With a few outspoken exceptions, such as Alexandria Ocasio-Cortez and John Fetterman, the party largely did not hit back directly against Republican Nancy Mace, who led the ban against McBride, reportedly at McBride’s own request.

Willis says that McBride herself "deserves all the grace to handle her career as she sees fit". But she goes on: "The discrimination and disrespect that she experiences… has ramifications for how trans folks will be treated at every stage of existence within the United States. It’s so important to make it clear that we will not allow the continued disrespect and infringing on our civil rights.”

What does Willis think of the standard Democrat line that the GOP’s war on trans is only a "distraction" from the "real issues"? Willis pauses and considers her words carefully before answering.

Trans rights protesters make noise outside a women’s bathroom in the US Capitol on Thursday Dec 5, 2024
Trans rights protesters make noise outside a women’s bathroom in the US Capitol on Thursday Dec 5, 2024 (Alexa B Wilkinson via Gender Liberation Movement)

"In this moment, it is not enough to simply call anti-trans attacks from Republicans a distraction," she says. "Perhaps if this was 2015, 2016… there might be an argument.

"But lives have already been targeted and changed by these efforts.
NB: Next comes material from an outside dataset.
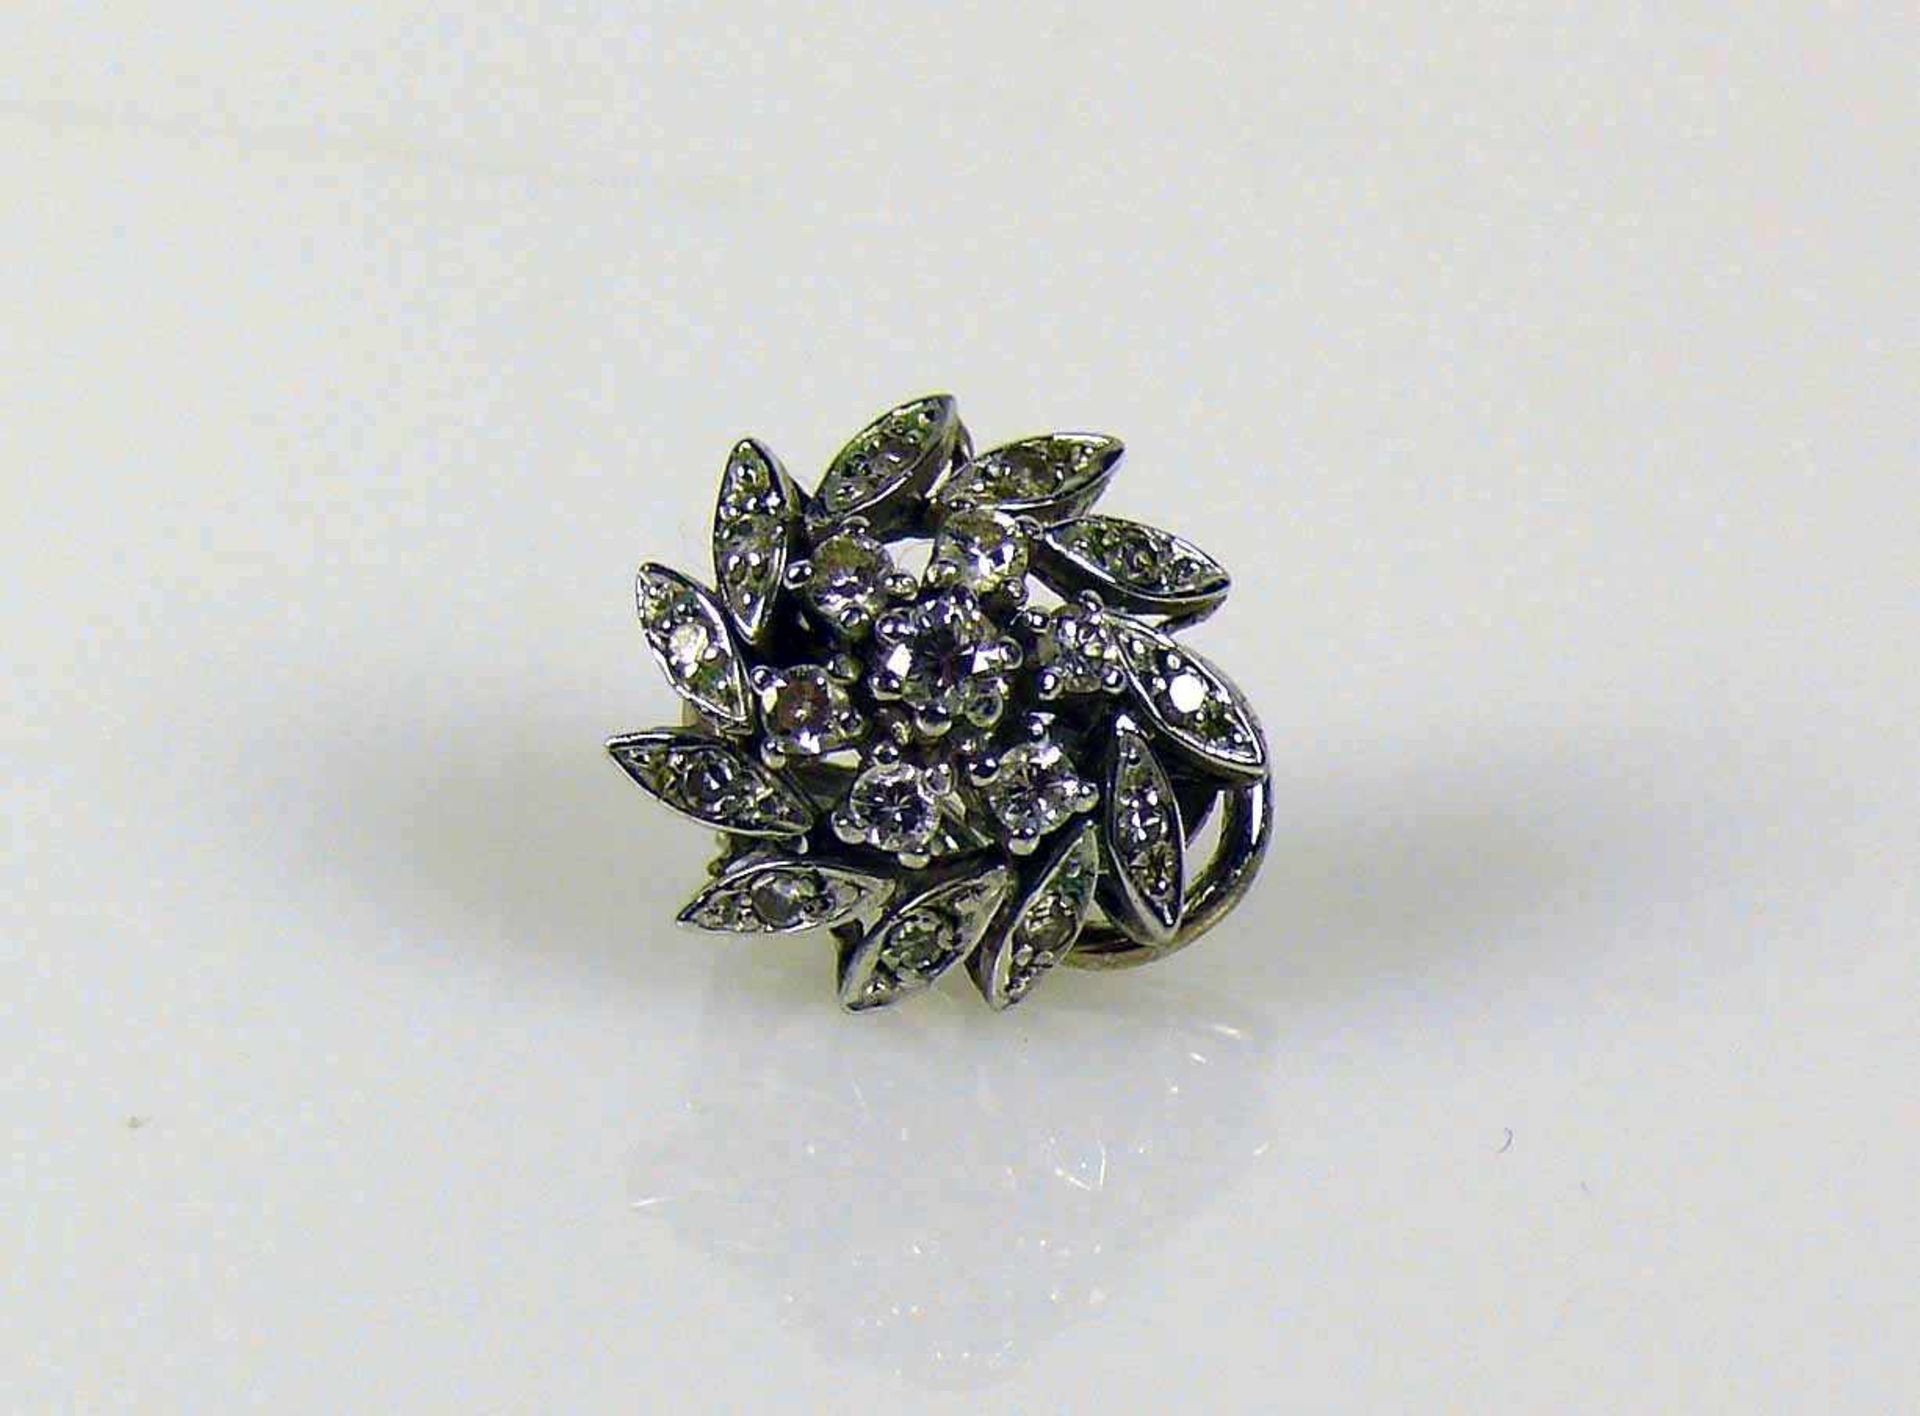 Ohrclip 14ct WG; blütenförmiger Dekor besetzt mit 7 Diamanten von zus. ca. 0,20ct; 3,5g

So we are beyond that point, and we can’t confront discrimination with inaction."

The Harris campaign, she adds, set a "horrible example" by declining to respond to the GOP’s late-election blitz of anti-trans TV ads, on which the party is estimated to have spent at least $215m.

"That was a loss before the election even happened," says Willis.

"If the Democratic Party wants to claim to be representative of progress and of the Left, it cannot leave communities on the chopping block, because it will continue to lose if it does so."

For now, Willis believes it is a good time for trans people and their allies to step back, connect with each other, and "recharge their batteries" for the coming era of “radical defiance”.

In future, she suspects they’ll need to practice mutual aid of the kind that was widespread during the pandemic, and study movements in other countries that have "faced authoritarian takeovers".

And after that? "We definitely can’t share more about our plans publicly at this time," says Willis.